Write out all the data verbatim. Skip images.

▸ **Data excerpt**:
════

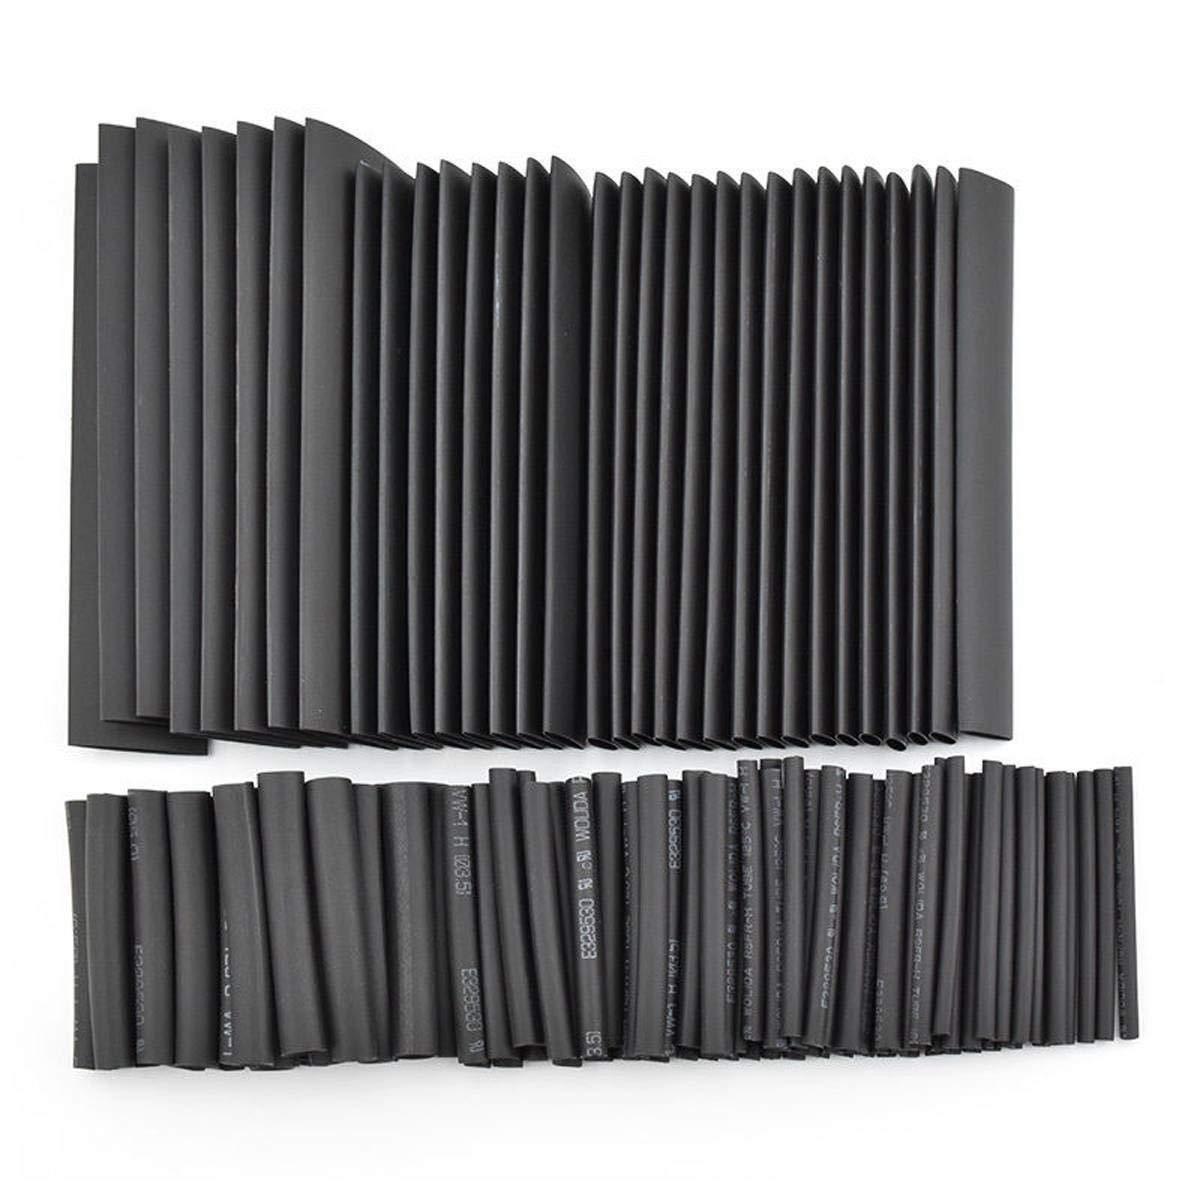 SODIAL 508Pcs Tube Thermor/étractable Noir Cable /électrique Enroulement De Fil DSssortiment Gaine De Tube
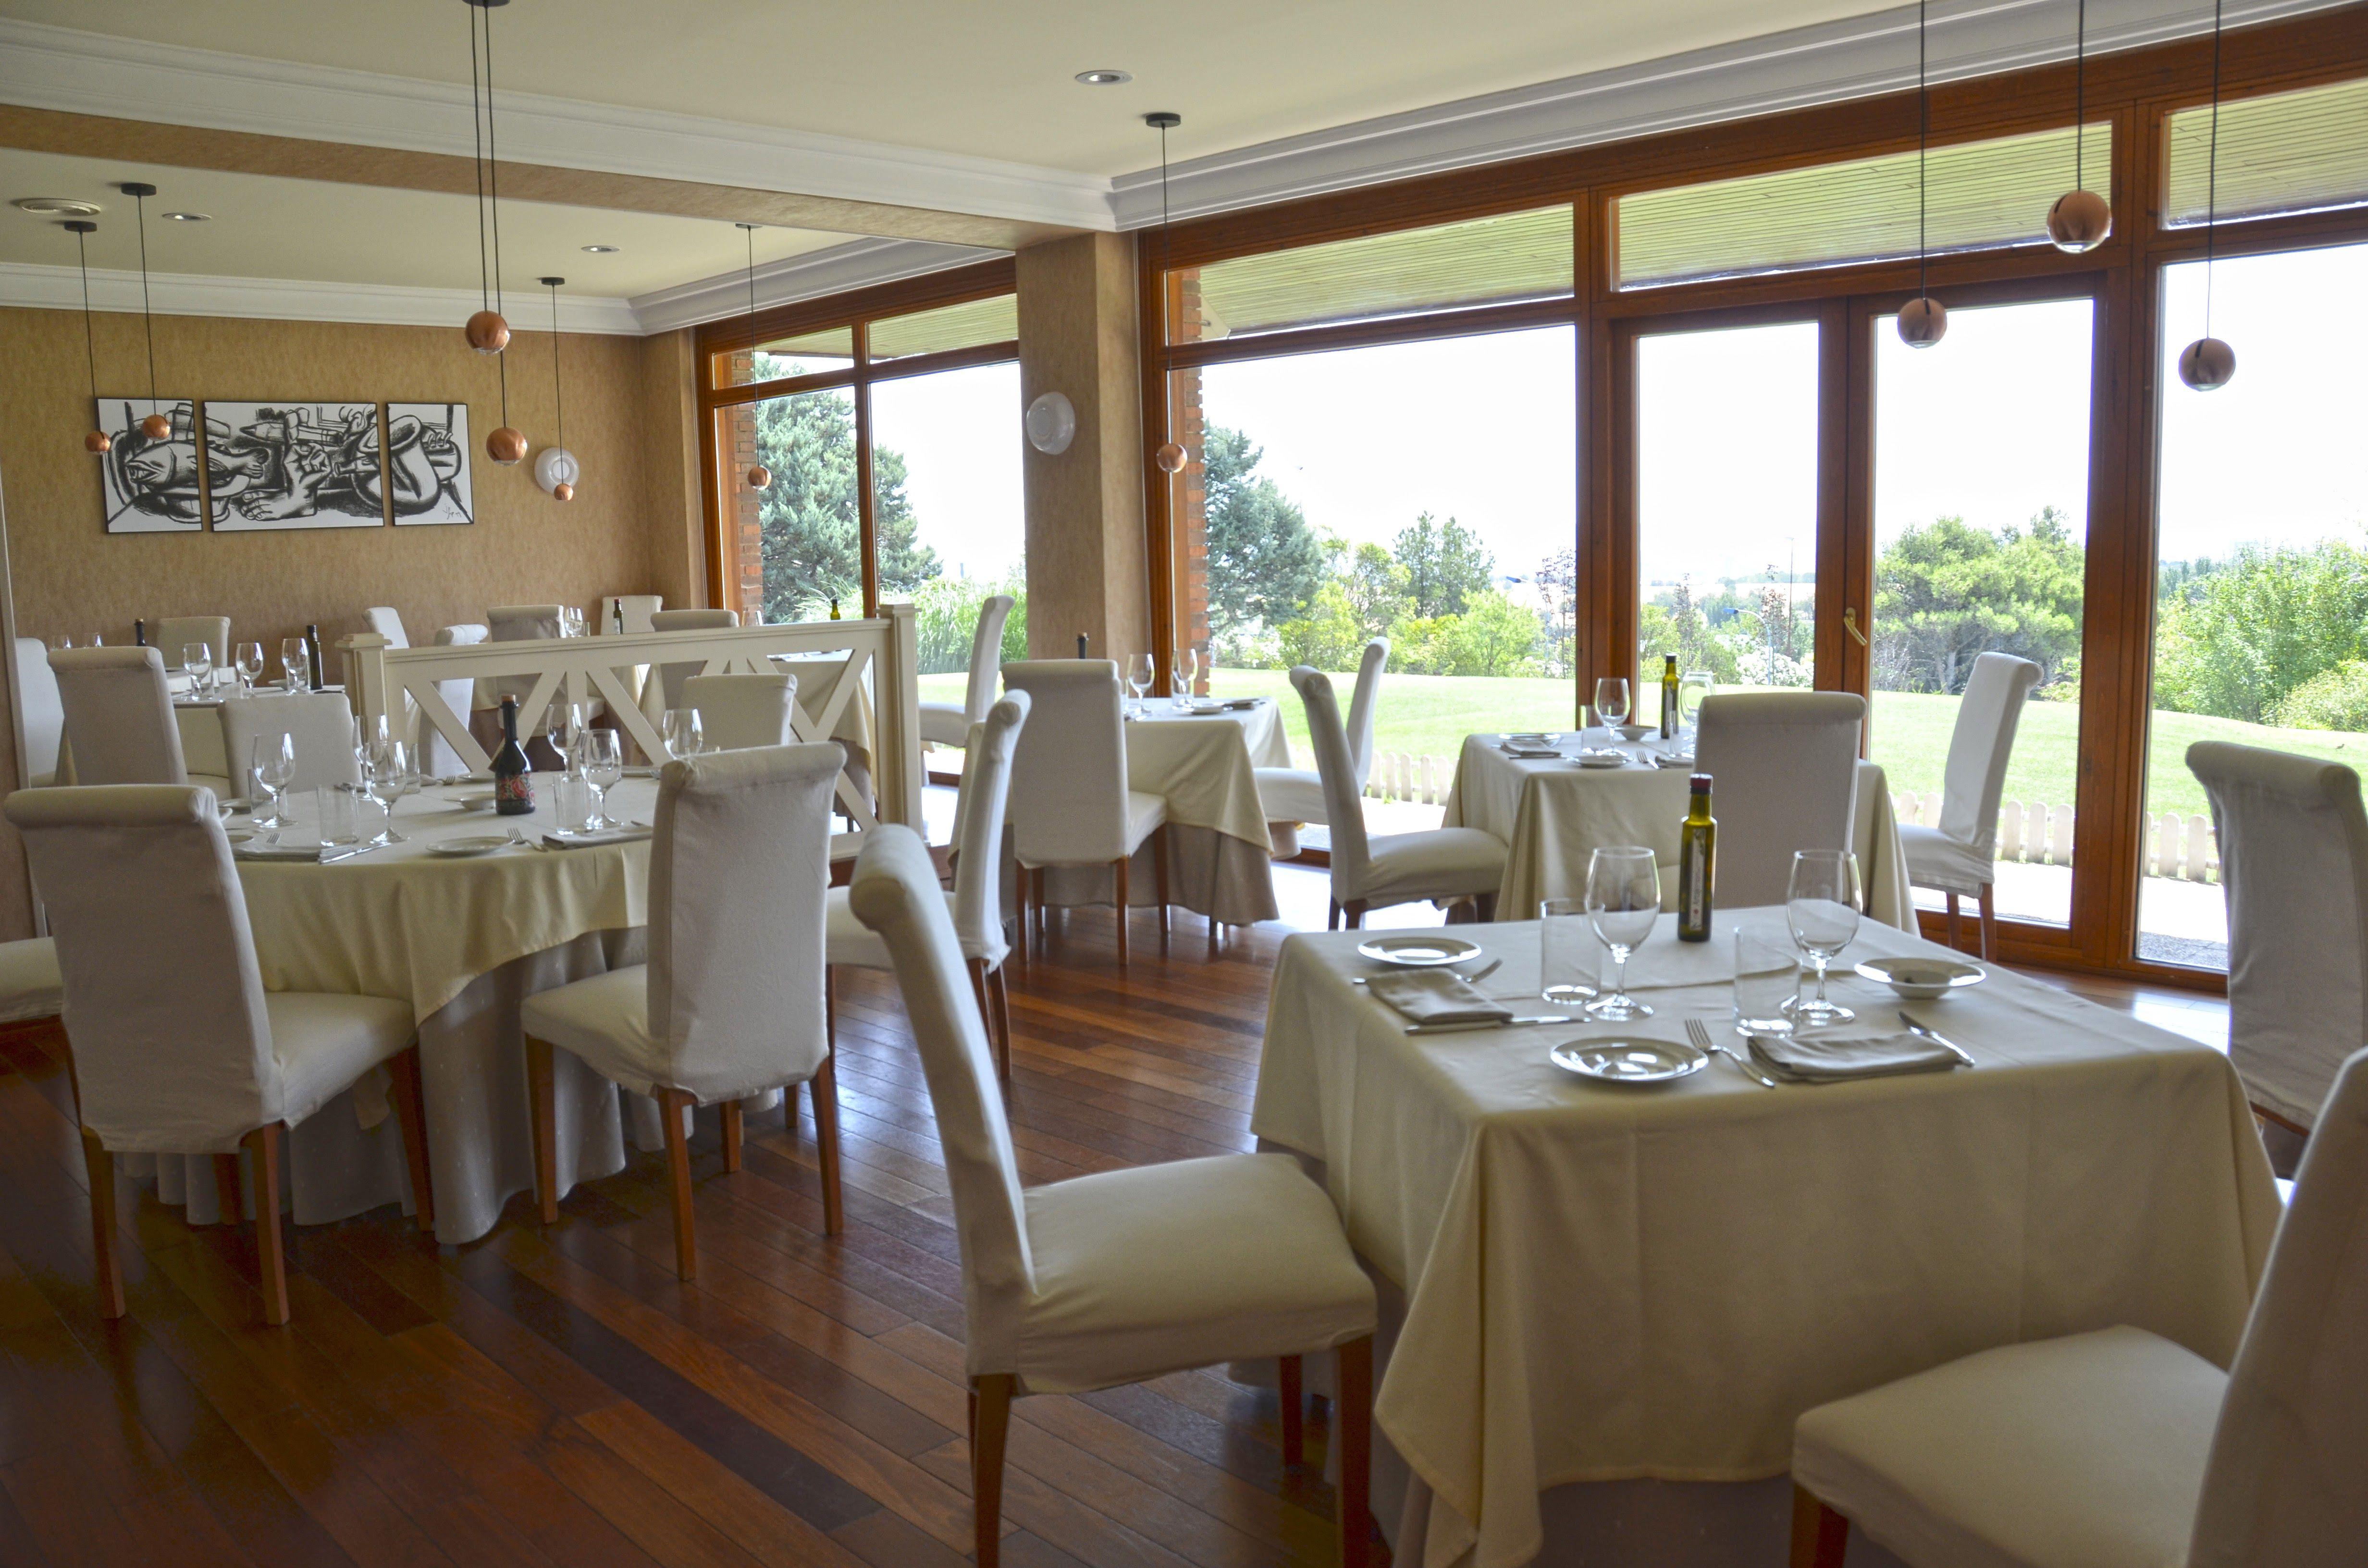 Foto 2 de Cocina creativa en Valladolid | Restaurante Dámaso
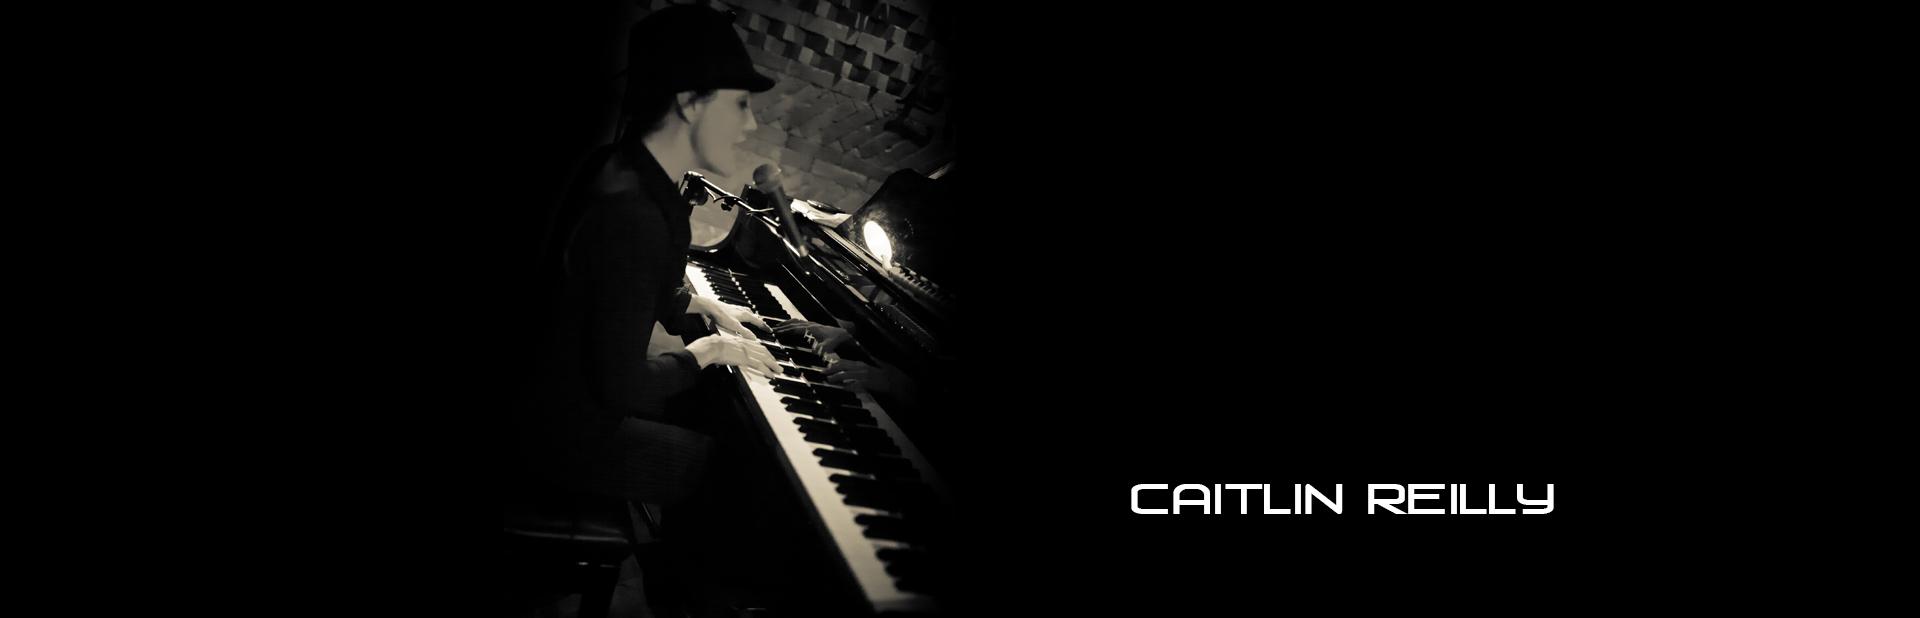 Caitlin-Reilly-01
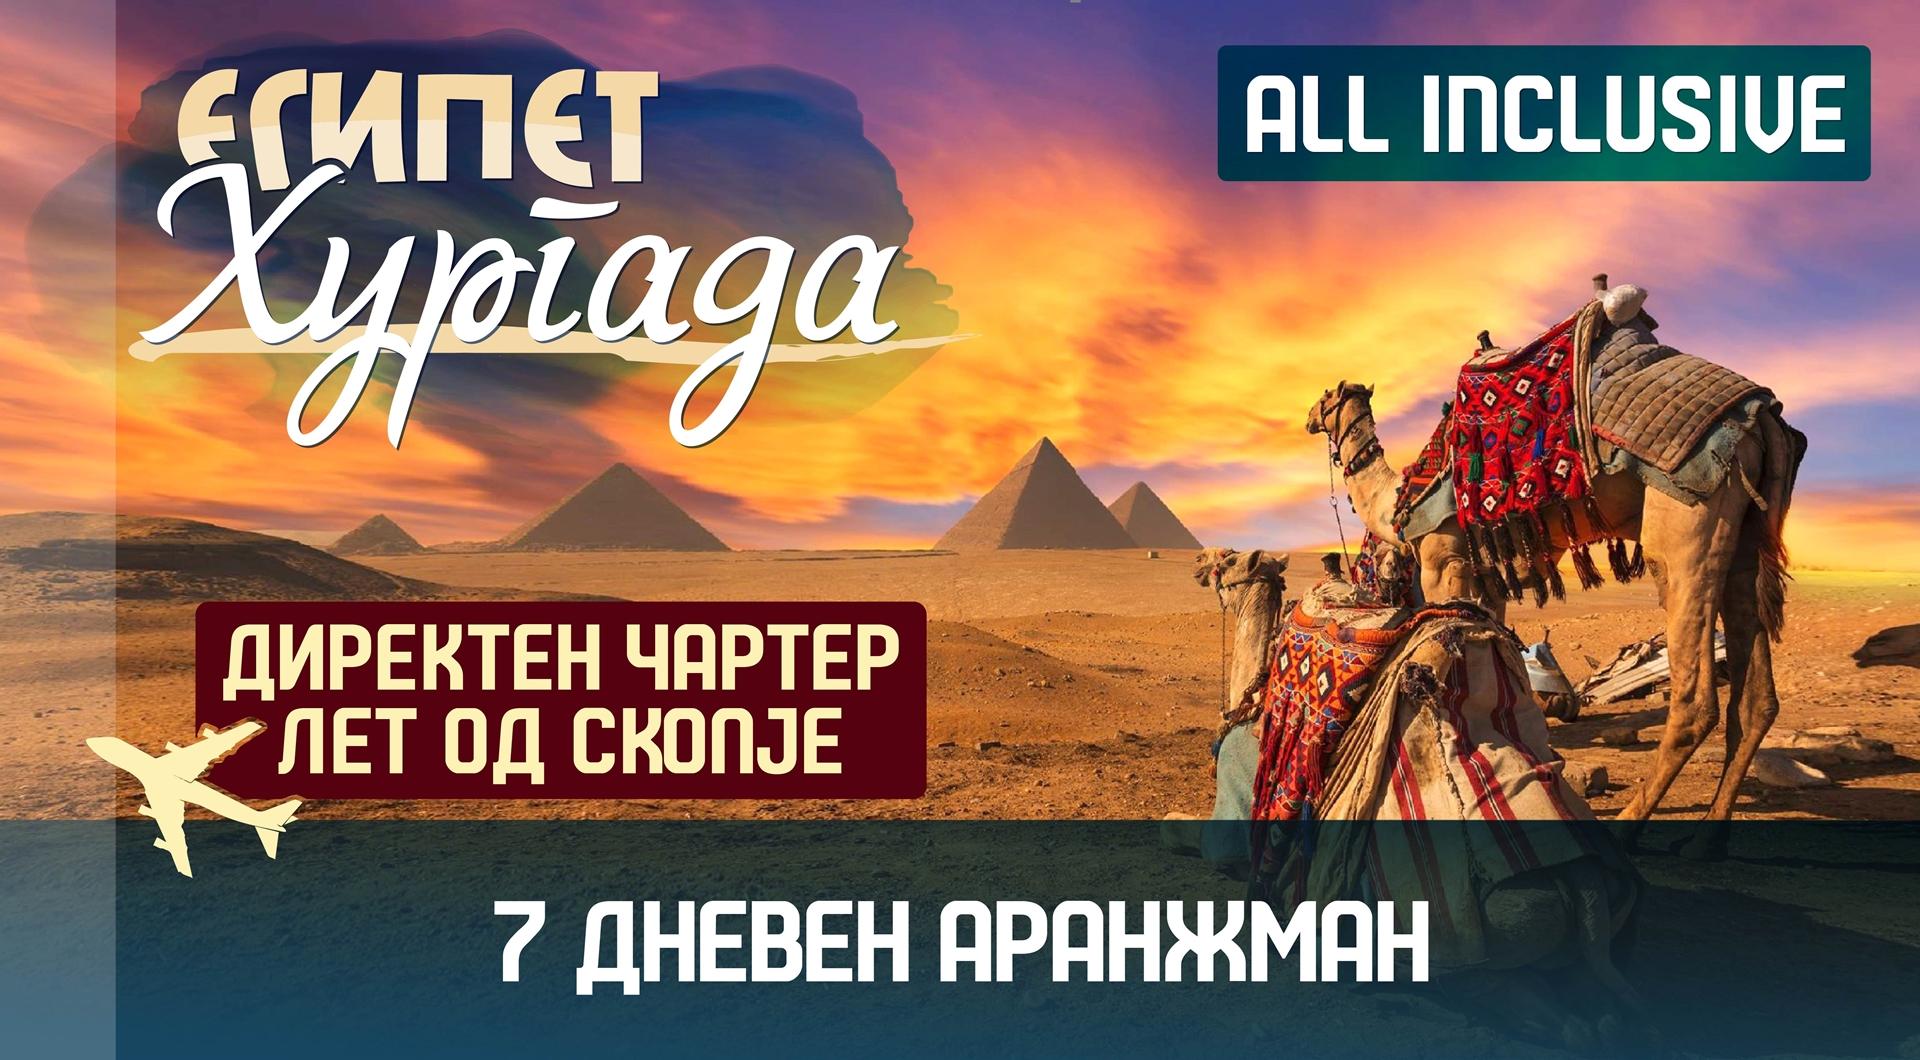 Египет 7 дена

════

▸ **Result**:
 SODIAL 508Pcs Tube Thermor/étractable Noir Cable /électrique Enroulement De Fil DSssortiment Gaine De Tube
 Foto 2 de Cocina creativa en Valladolid | Restaurante Dámaso
 Caitlin-Reilly-01
 Египет 7 дена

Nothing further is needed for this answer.